In Lina-Gao/DEdesign: Statistical design for RNA-seq experiments aimed at identifying differentially expressed genes

knitr::opts_chunk$set(message=FALSE, warning=FALSE,echo=TRUE,error = FALSE, cache = FALSE,
                      fig.width = 7)

library(knitr)
library(DEdesign)

Introduction

RNA-Seq differential expression (DE) studies contain multiple steps, which can be broken up into two stages: treatment stage and measurement stage. The treatment stage is to apply treatments to experimental units (or identify factors of interest in observational studies). Experimental units receiving the same treatments are called biological replicates, and the variation between biological replicates is biological variation. Then in measurement stage, RNA-seq acquires a snapshot of the transcriptome of a given biological sample by deep sequencing. Briefly, a population of RNA species that are of interest are extracted from the biological samples, fragmented, reverse transcribed, and processed to obtain a large number of sequencing short reads. When an experimental unit is measured more than once starting at any of these steps, the resulting replicate samples are called technical replicates, and the variation between technical replicates is technical variation. In differential expression studies, technical variation is usually not of interest, therefore only biological replicates are used.

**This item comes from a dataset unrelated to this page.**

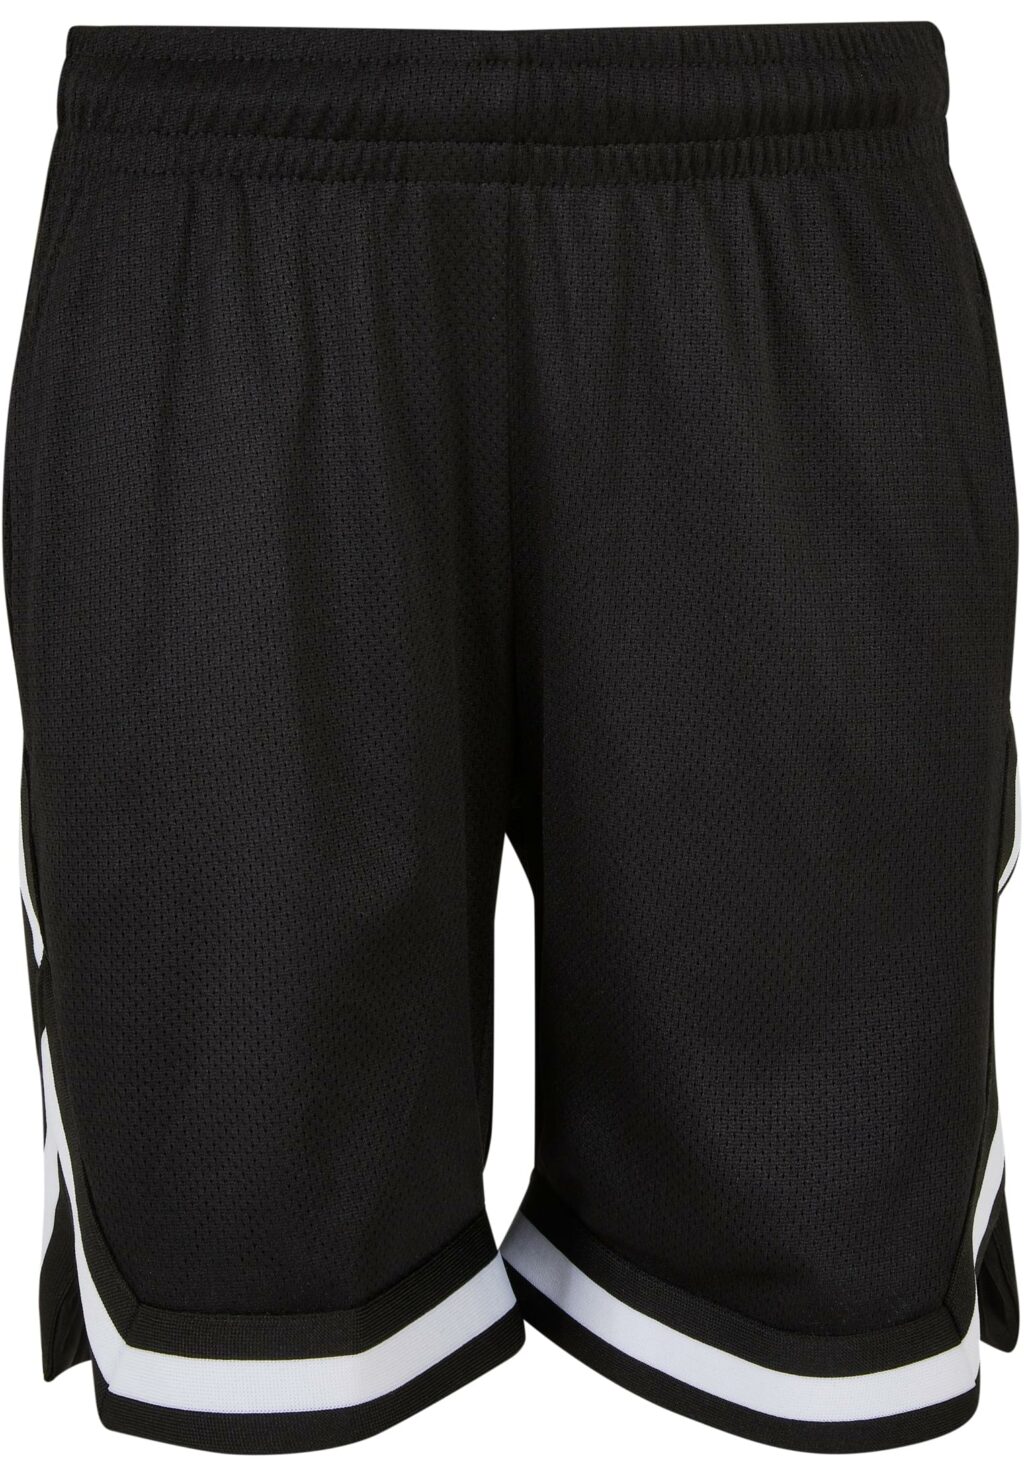 Boys Stripes Mesh Shorts black UCK243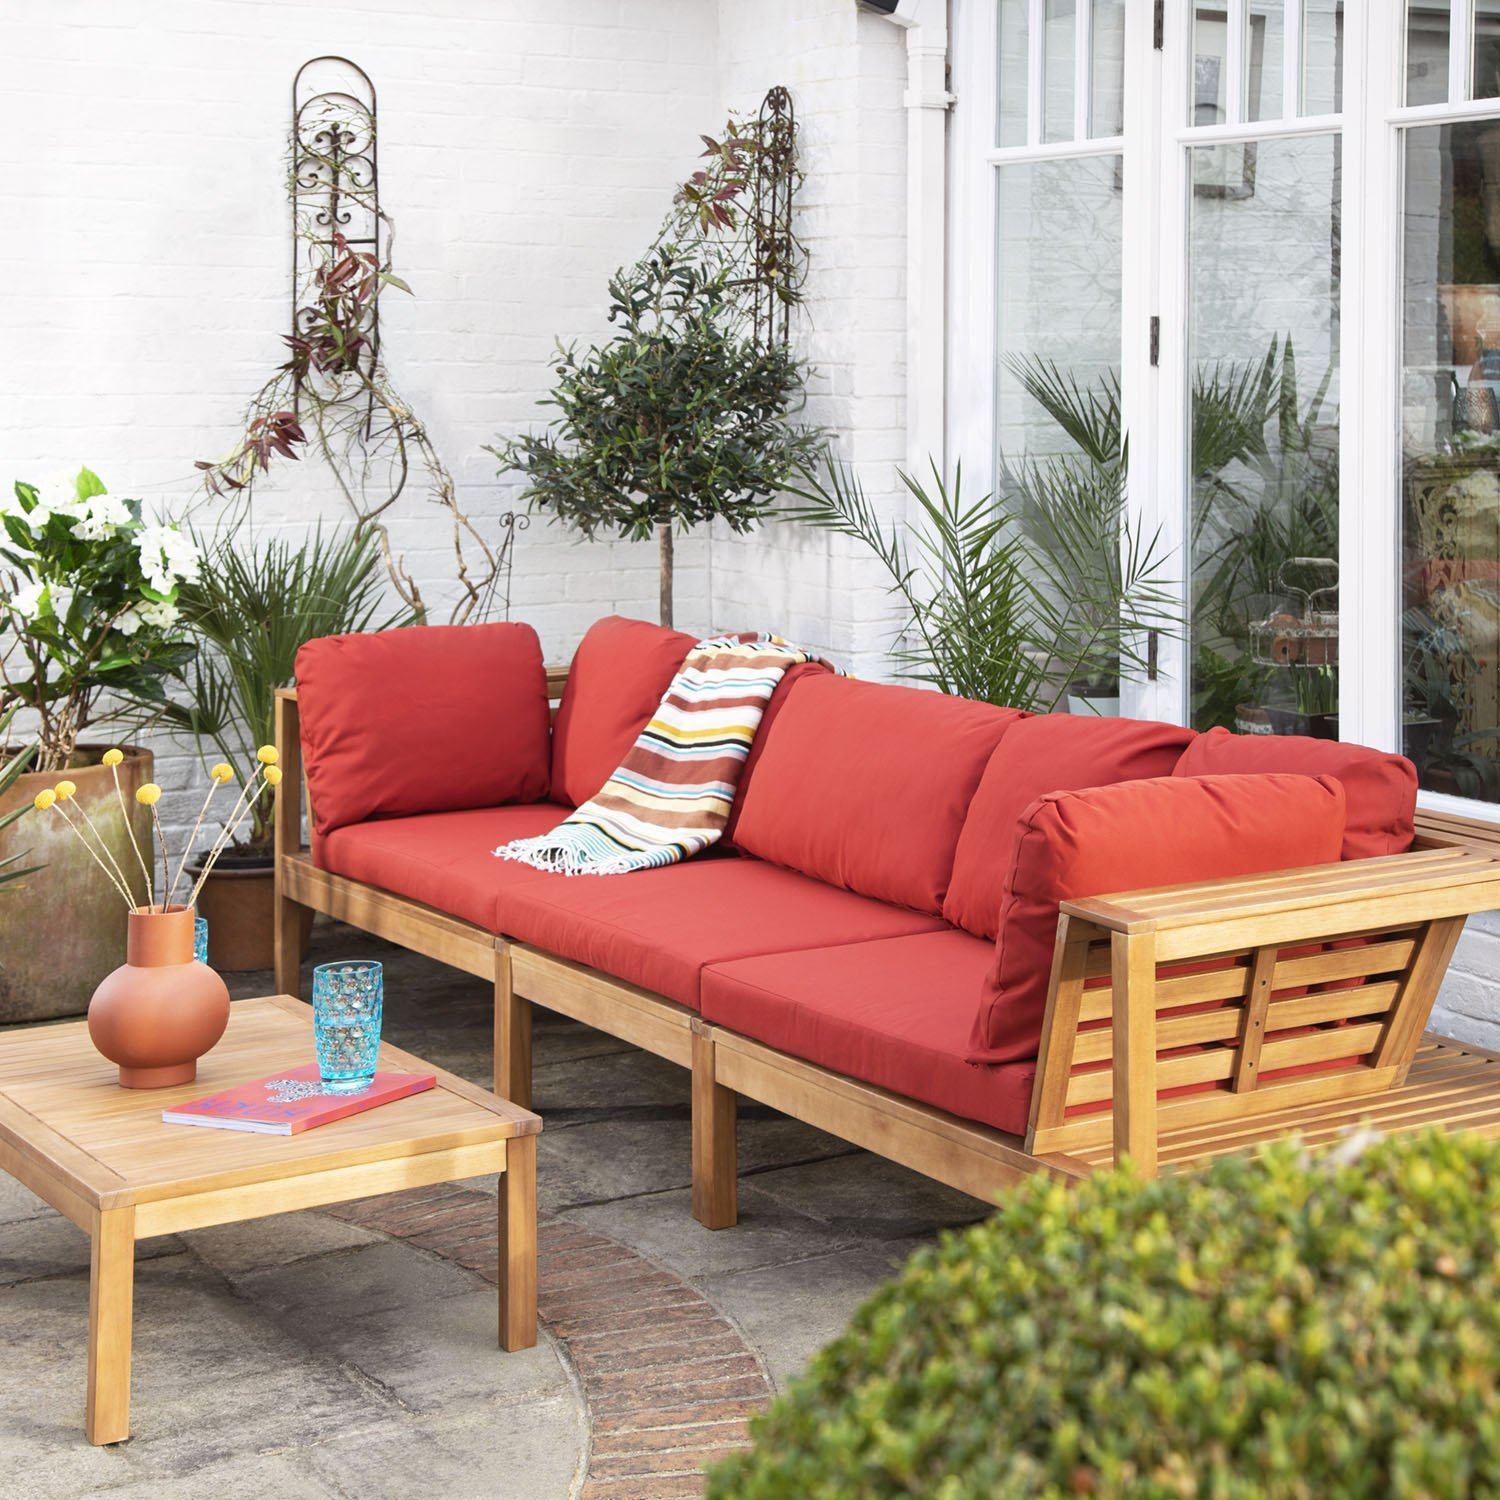 Dakota outdoor sofa set with cream parasol - acacia wood

Because the measurement stage of RNA-Seq involves many steps which can and usually do bring technical variations to the final read count, when these technical factors are confounded with experimental factors, differential expression results can be biased and misleading. Statistical methods are available to adjust for confounding effects from technical variations, however, in most of cases with small number of samples in RNA-Seq it is not feasible to adjust for all technical factors; moreover, it will be far more efficient to control such unwanted confounding effects through sensible statistical experimental design.

In differential expression studies, all of the technical factors are nuisance factors, therefore we can design the measurement stage of RNA-Seq in such a way that these technical factors are confounded with each other as much as possible so that we can adjust for them using one or few factors in statistical model. For each of the technical steps except the final sequencing step, the number of samples that can be processed in one batch depends on the protocol used and the operator. In the sequencing step, RNA-Seq has one intrinsic limitation, which is the number of samples that can be sequenced under the same technical factors. This is determined by the sequencing platform.

The DEdesign package will perform statistical design for DE RNA-seq experiments to assign samples to sequencing blocks. The current version supports the popular sequencing platform Illumina HiSeq 2500. In HiSeq 2500 single flow cell mode, each flow cell contain 8 lanes. The DEdesign package also can be used to plot the design in the format of 8-lane flow cell.

Other platforms will be included in future developments of the DEdesign package.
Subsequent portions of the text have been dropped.